Segment Start: INFORMATION SUPPLIED

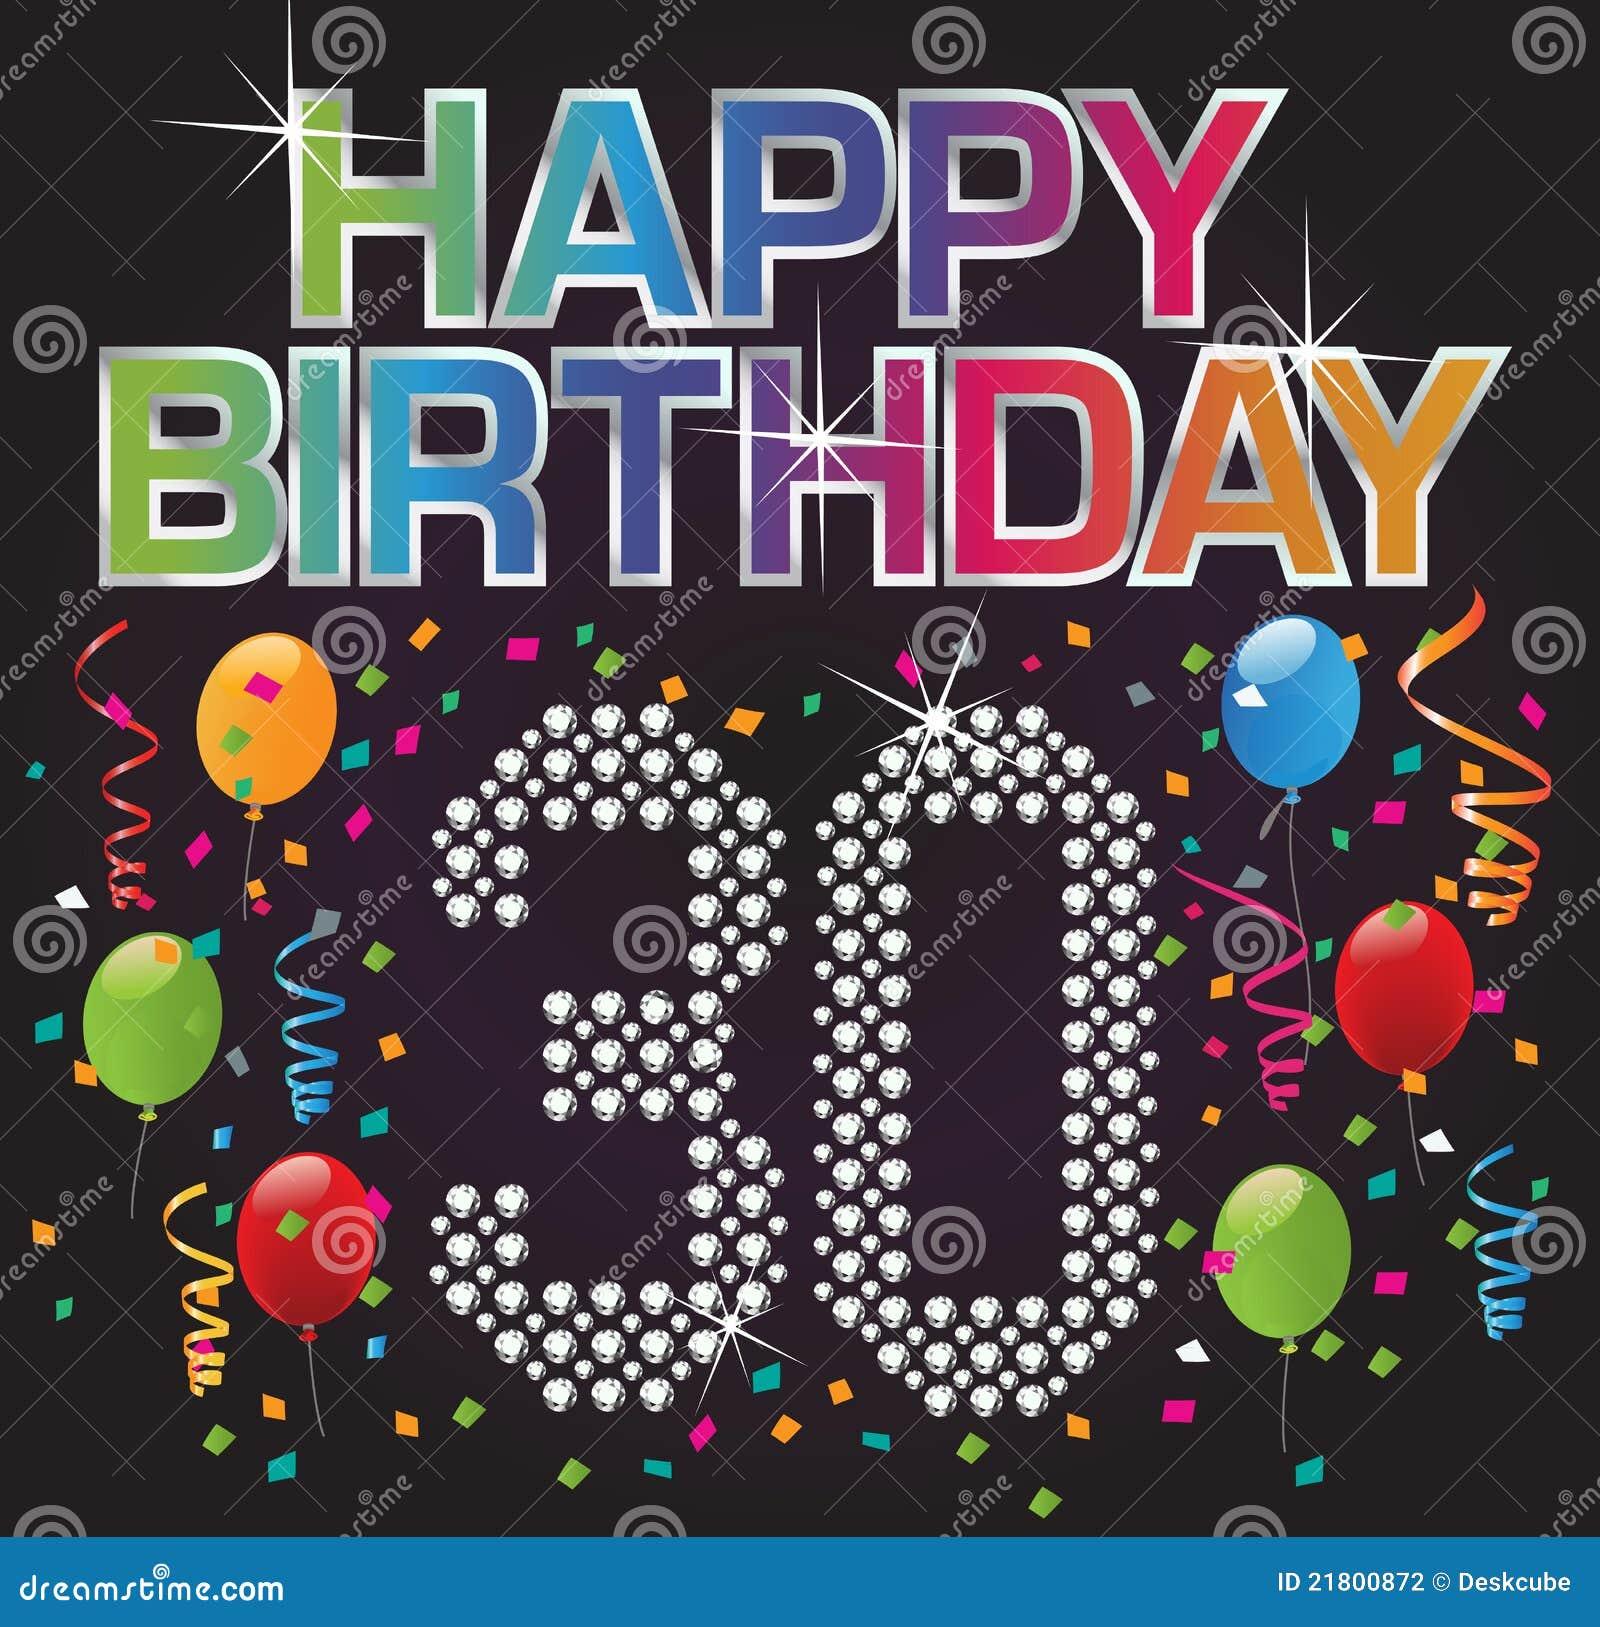 Happy Birthday 30 Stock Photography - Image: 21800872
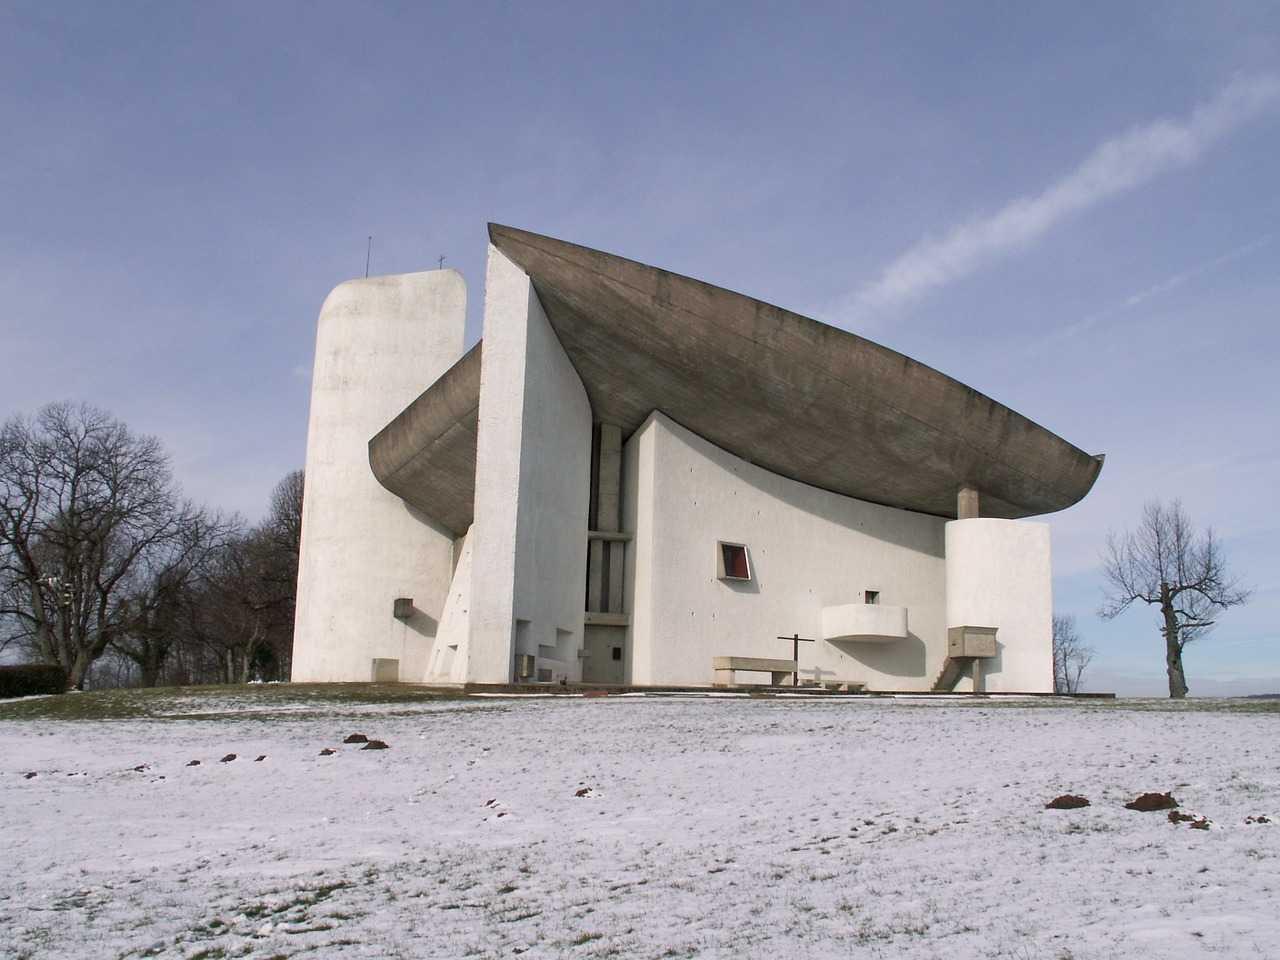 Capela Notre-Dame du Haut - Le Corbusier
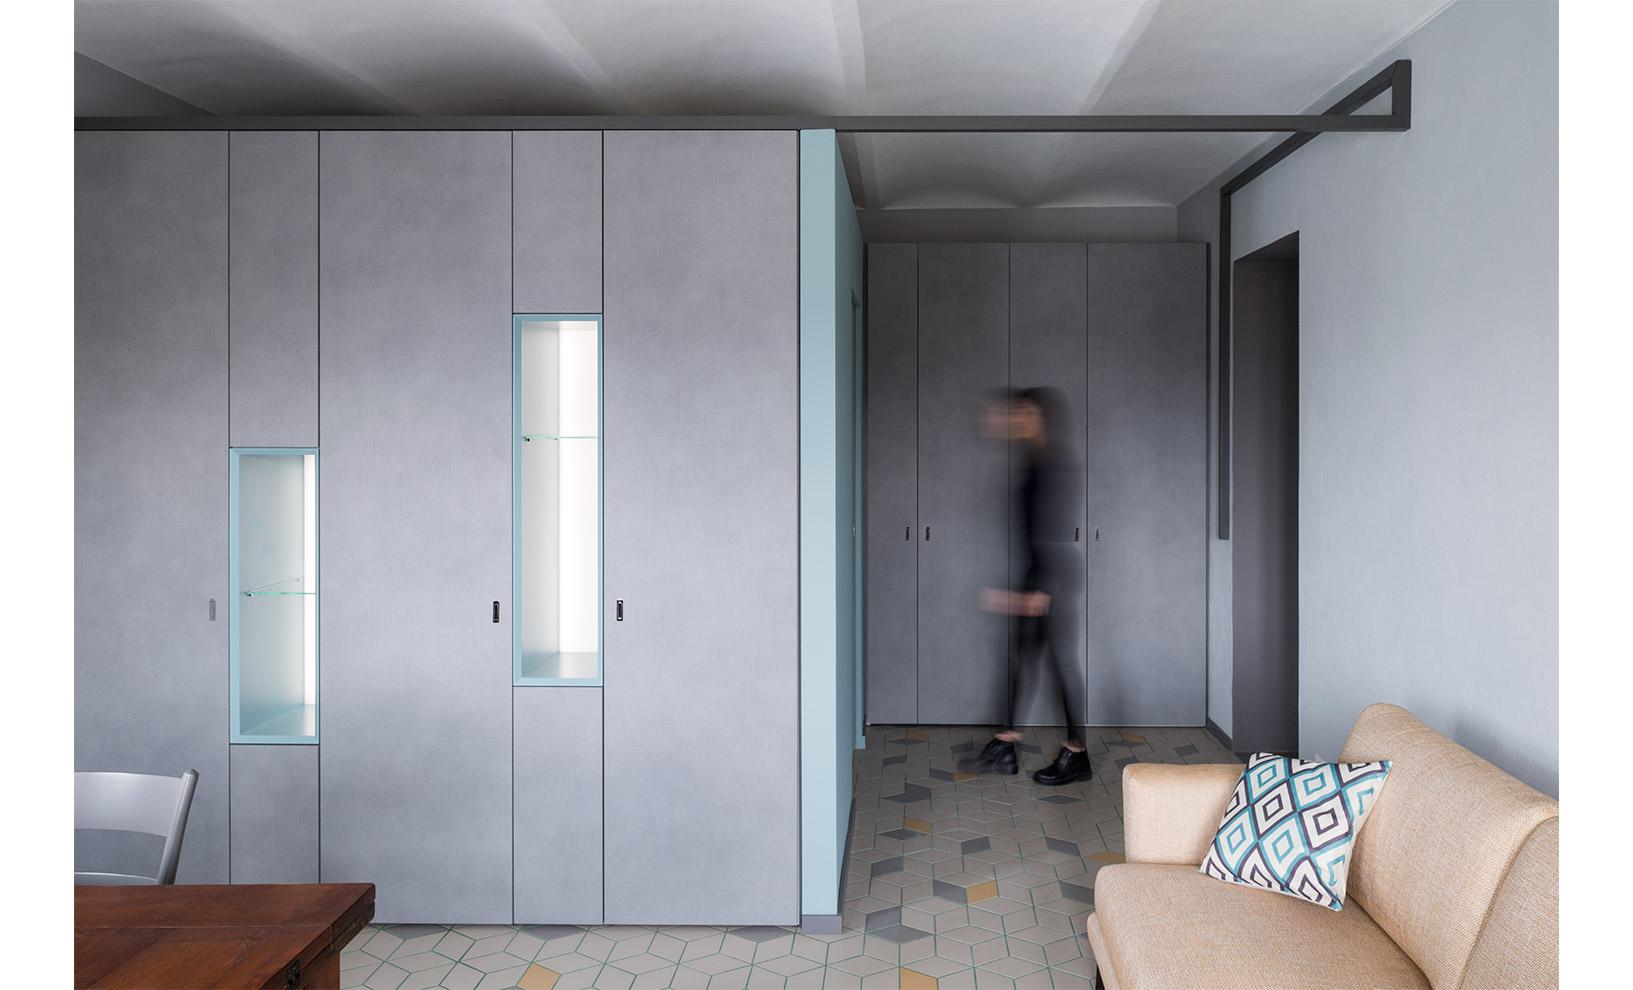 marco-tacchini-fotografo-architettura-antonio-perrone-villa-fc_02

Segment End: INFORMATION SUPPLIED

◆ YOUR INSTRUCTIONS
With the pictures set aside, copy each line above as written.

◆ EXERCISE RESPONSE
 Happy Birthday 30 Stock Photography - Image: 21800872
 Capela Notre-Dame du Haut - Le Corbusier
 marco-tacchini-fotografo-architettura-antonio-perrone-villa-fc_02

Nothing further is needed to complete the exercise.